Based on experimental evidence and clinical observations, hemifacial microsomia (HFM) is one of several structural anomalies that are postulated to result from vascular disruption. We collected data in a case-control study to identify whether vasoactive exposures or vascular events during early pregnancy affect the risk of HFM.
Cases with a diagnosis of HFM were identified at craniofacial centers in 26 cities across the United States and Canada, from 1996 to 2002. Controls were matched to cases by age and pediatrician practice. Mothers of 230 cases and 678 controls were interviewed about pregnancy events and exposures. Case and control mothers were compared for early pregnancy use of vasoactive medications, cigarettes, and alcohol; singleton or multiple gestation; and diabetes, hypertension, or vaginal bleeding in the first half of pregnancy.

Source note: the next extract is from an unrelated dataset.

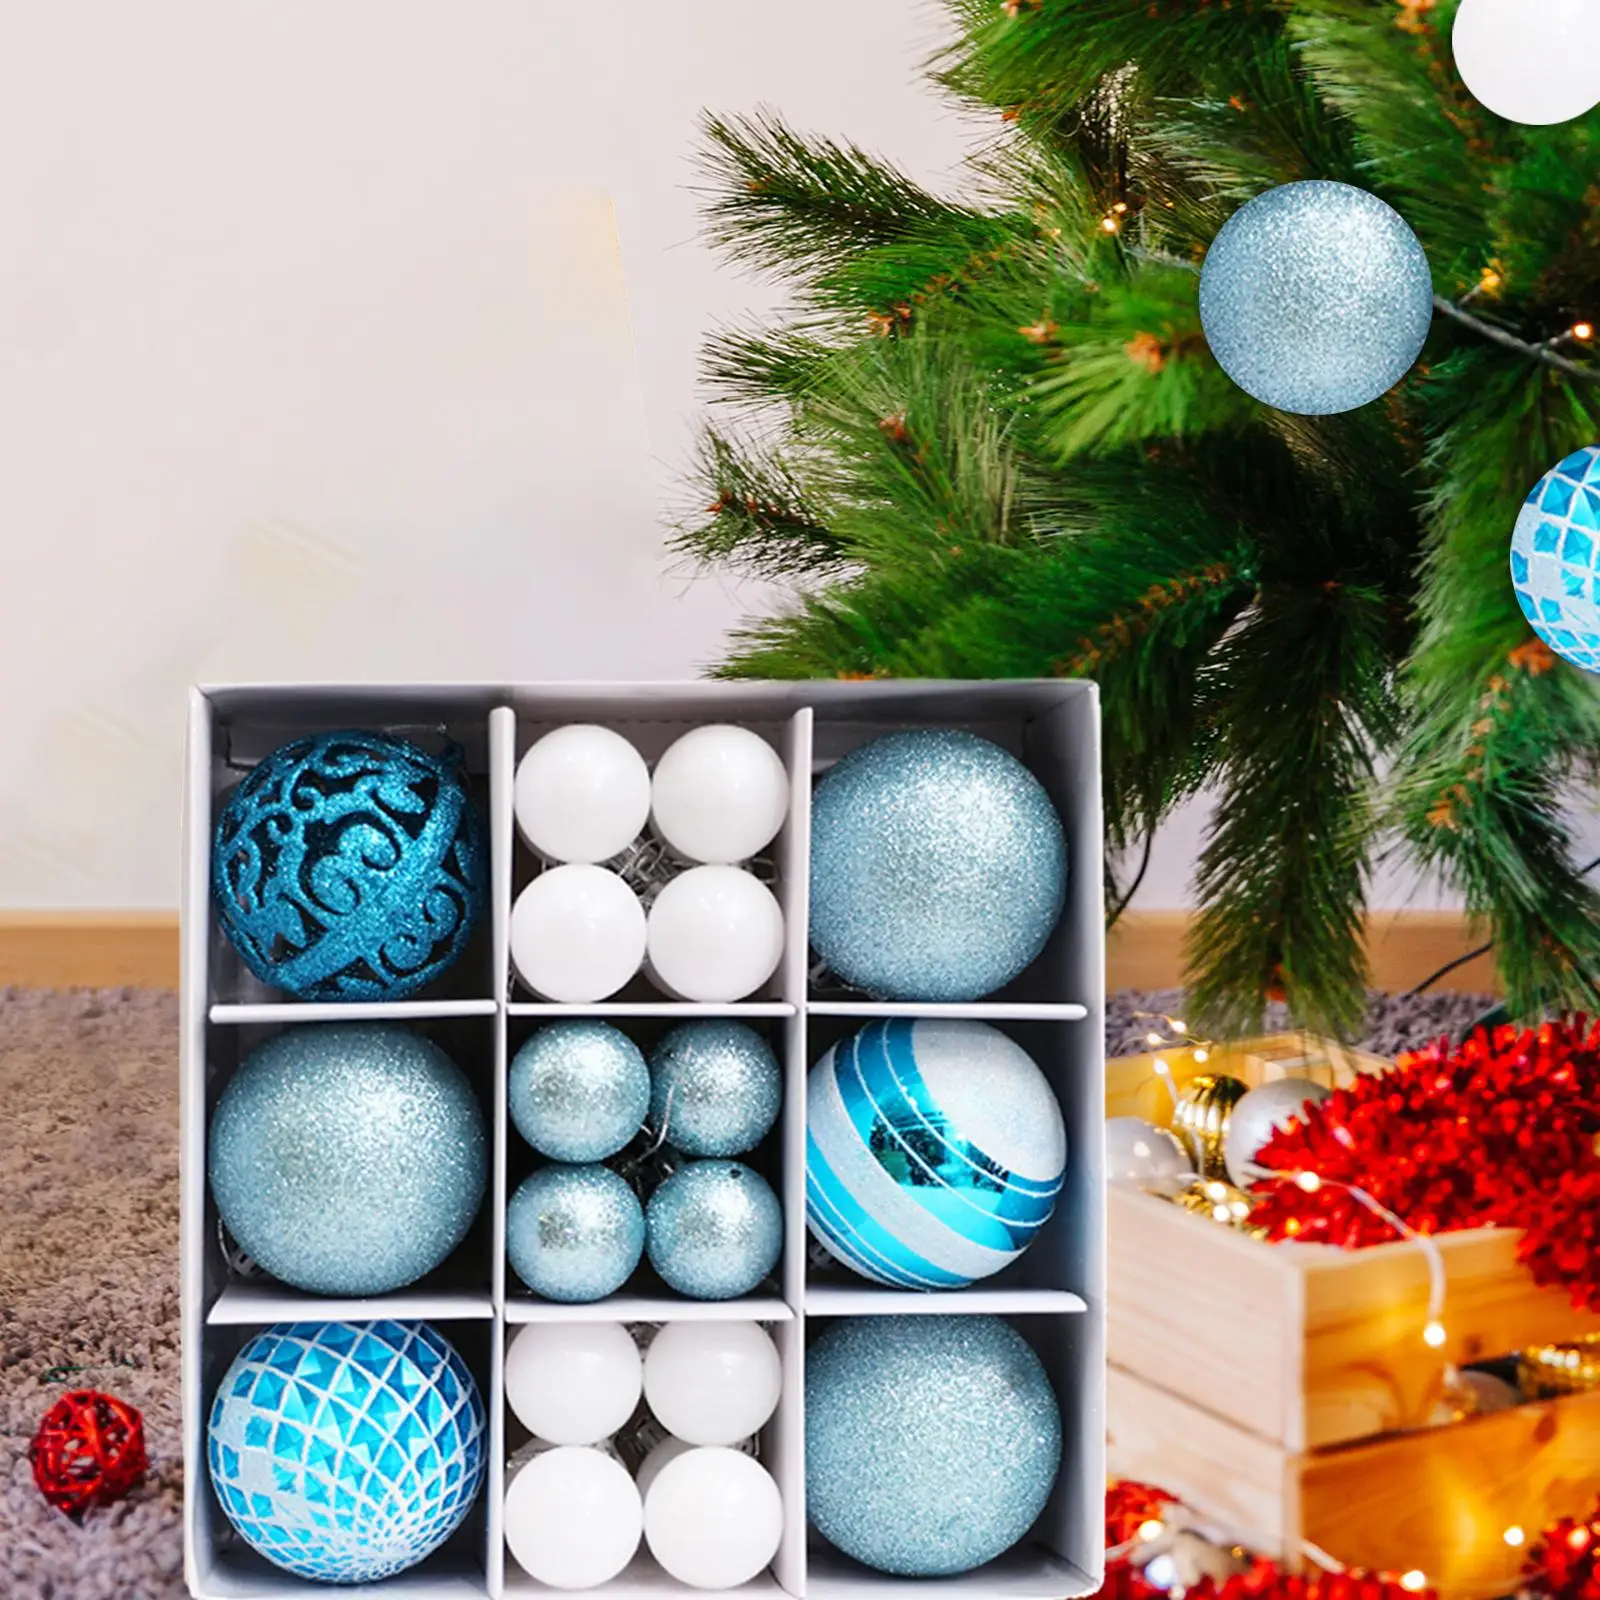 30Pcs Christmas Ball Ornaments Decorative Xmas Balls Baubles Christmas Tree Decorations for New Year Indoor Wreath Party Home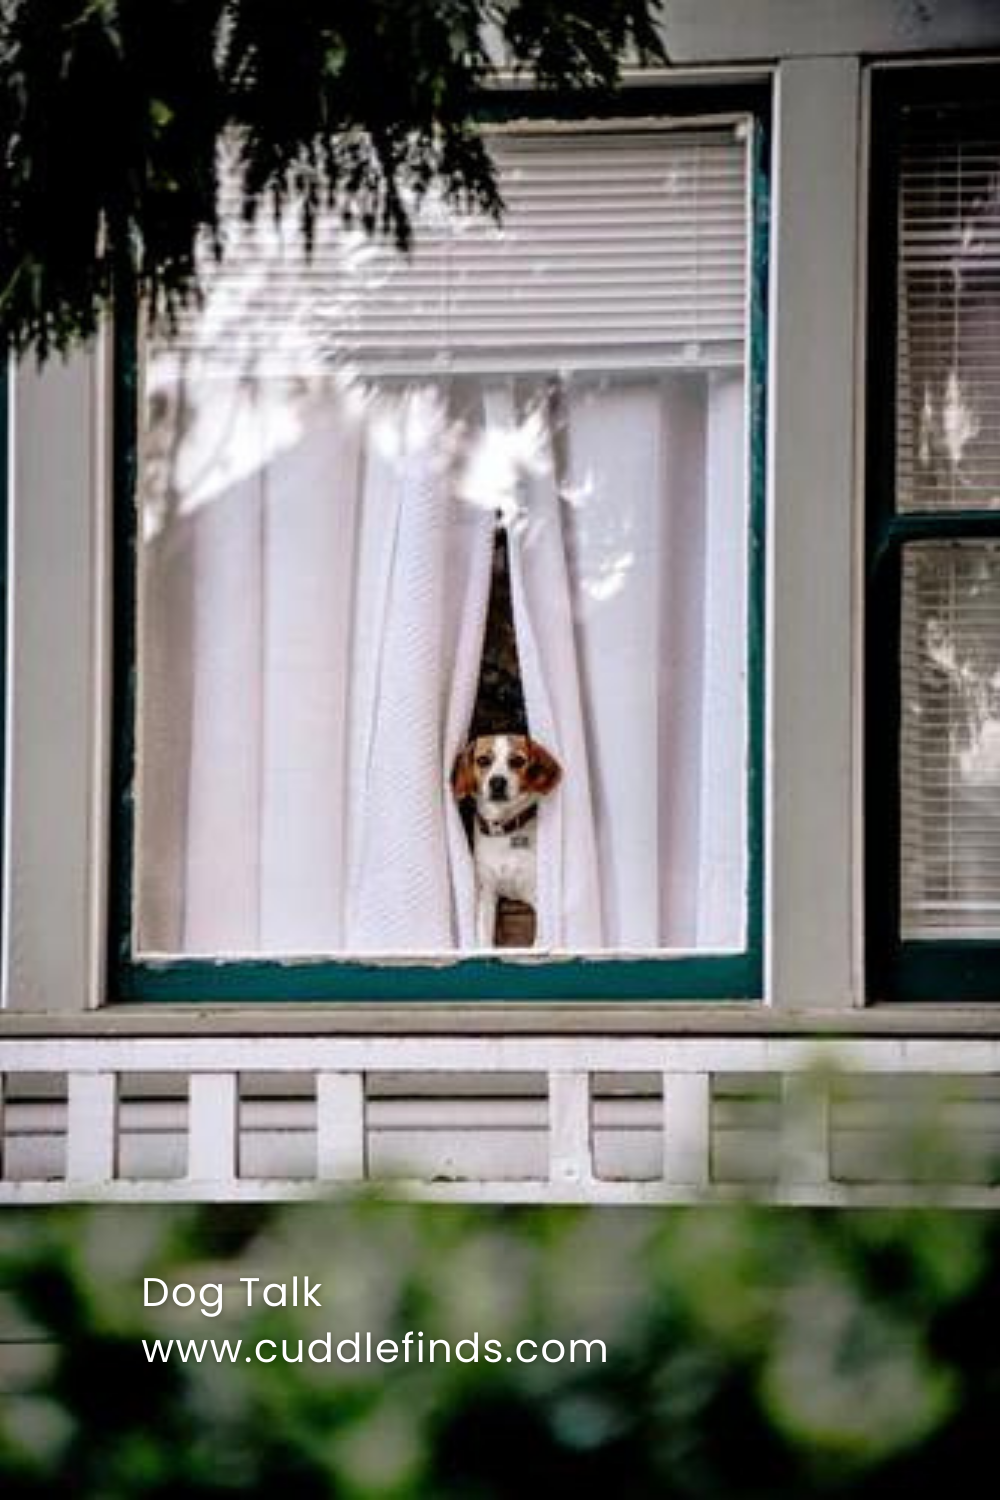 A stay at home dog looks out the window during lock down.

Odds ratios (ORs) were significantly increased for vasoactive mediation use (OR, 1.9 overall; OR, 4.2 among smokers), multiple gestations (OR, 10.5), and diabetes (OR, 6.0). Vaginal bleeding in the second trimester and heavy alcohol intake were associated with increased risks, but the estimates were based on small numbers and, therefore, are unstable. No associations were observed for cigarette smoking without vasoactive medication use, hypertension, and vaginal bleeding in the first trimester.
The increased risks of HFM associated with vasoactive medication use, multiple gestations, diabetes, and second trimester vaginal bleeding appear collectively to support the hypothesis that vascular disruption is one etiology for HFM, because each of these factors is related to effects on blood vessels.